Set the listing down again exactly, please, apart from its pictures.

[DATA SECTION Boundary: Start]

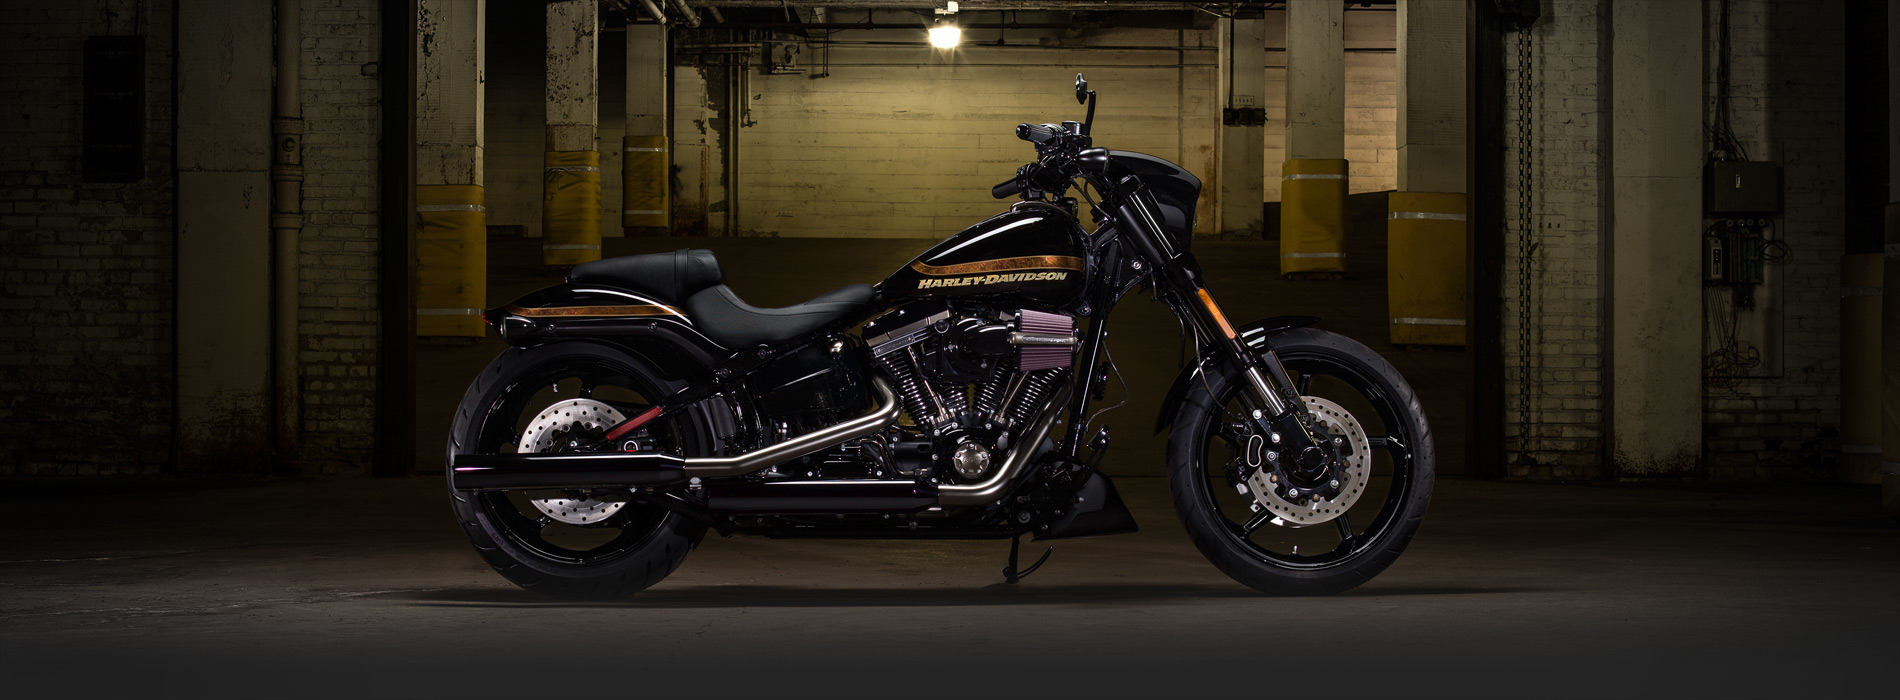 Harley-Davidson Breakout Backgrounds, Compatible - PC, Mobile, Gadgets| 1900x700 px
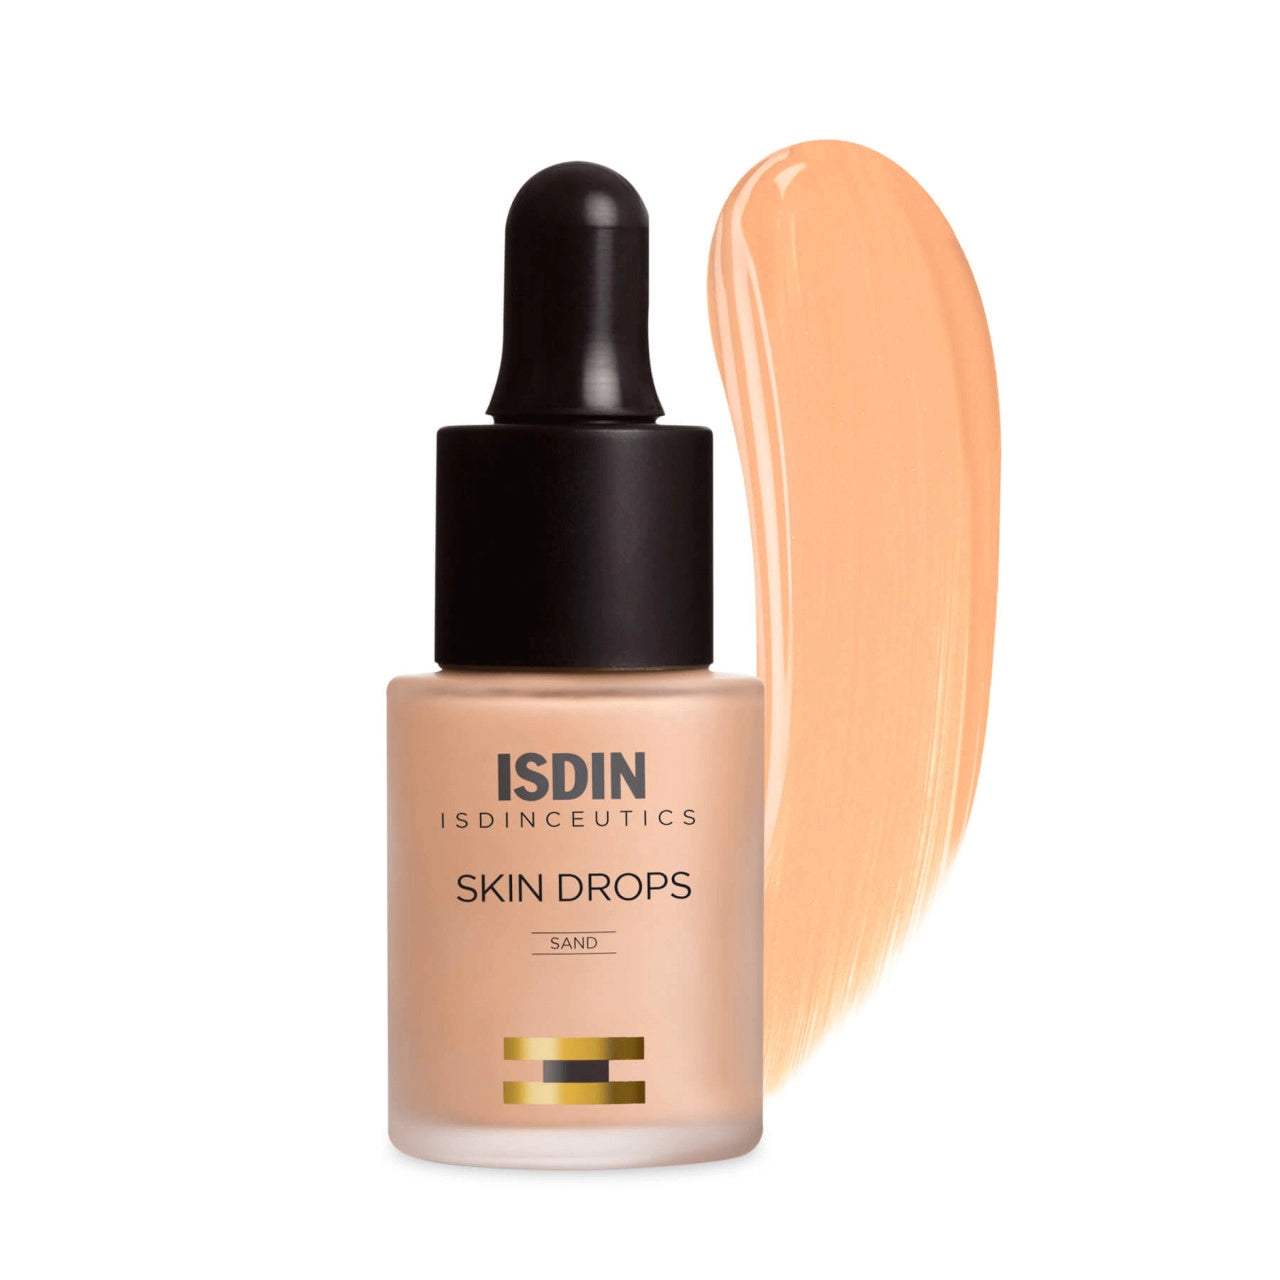 ISDIN Isdinceutics Skin Drops
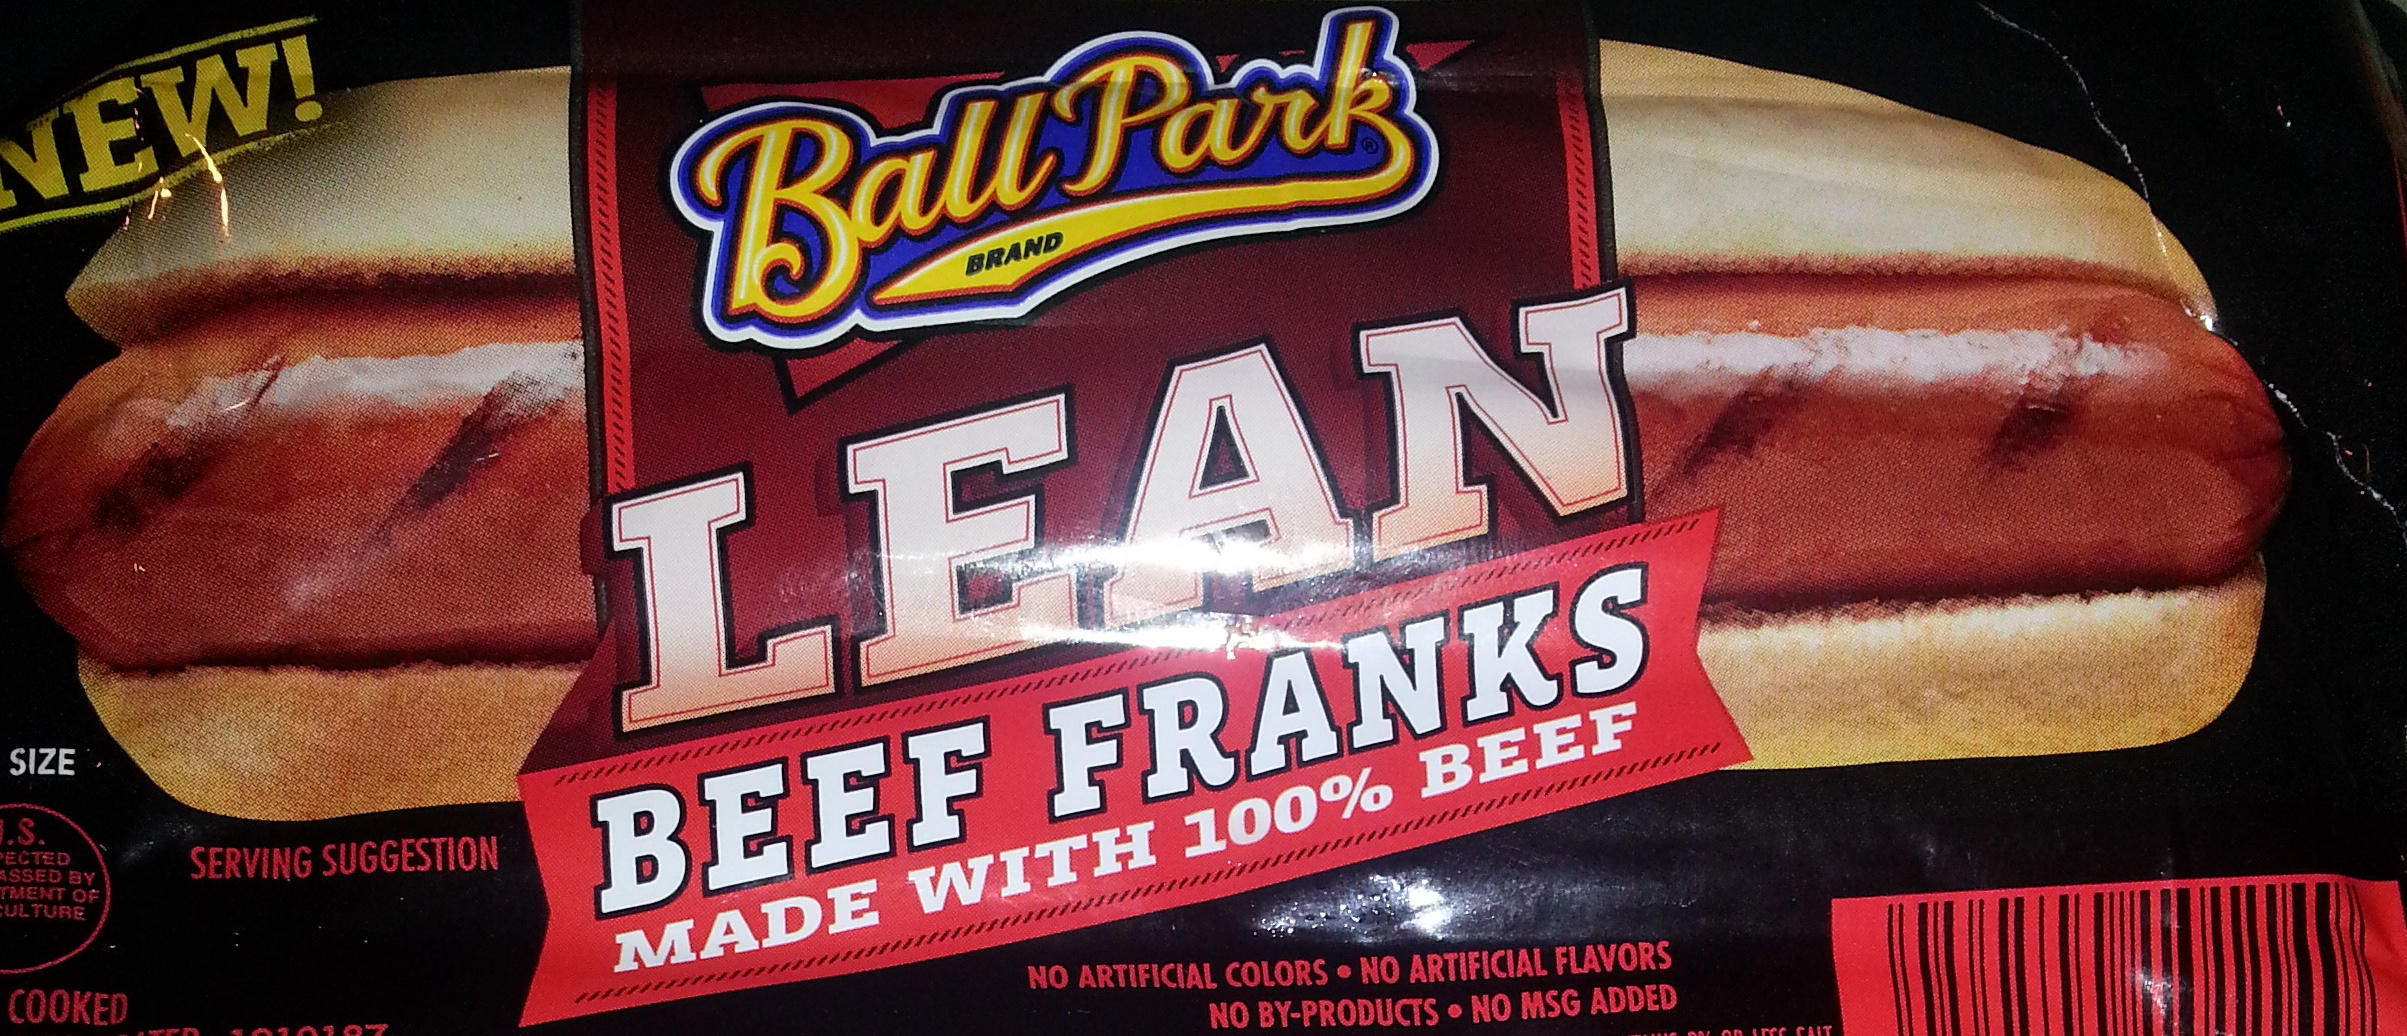 Ball park, lean beef franks - Product - en

[DATA SECTION Boundary: End]

COMPLETED TASK:
 Harley-Davidson Breakout Backgrounds, Compatible - PC, Mobile, Gadgets| 1900x700 px
 ISDIN Isdinceutics Skin Drops
 Ball park, lean beef franks - Product - en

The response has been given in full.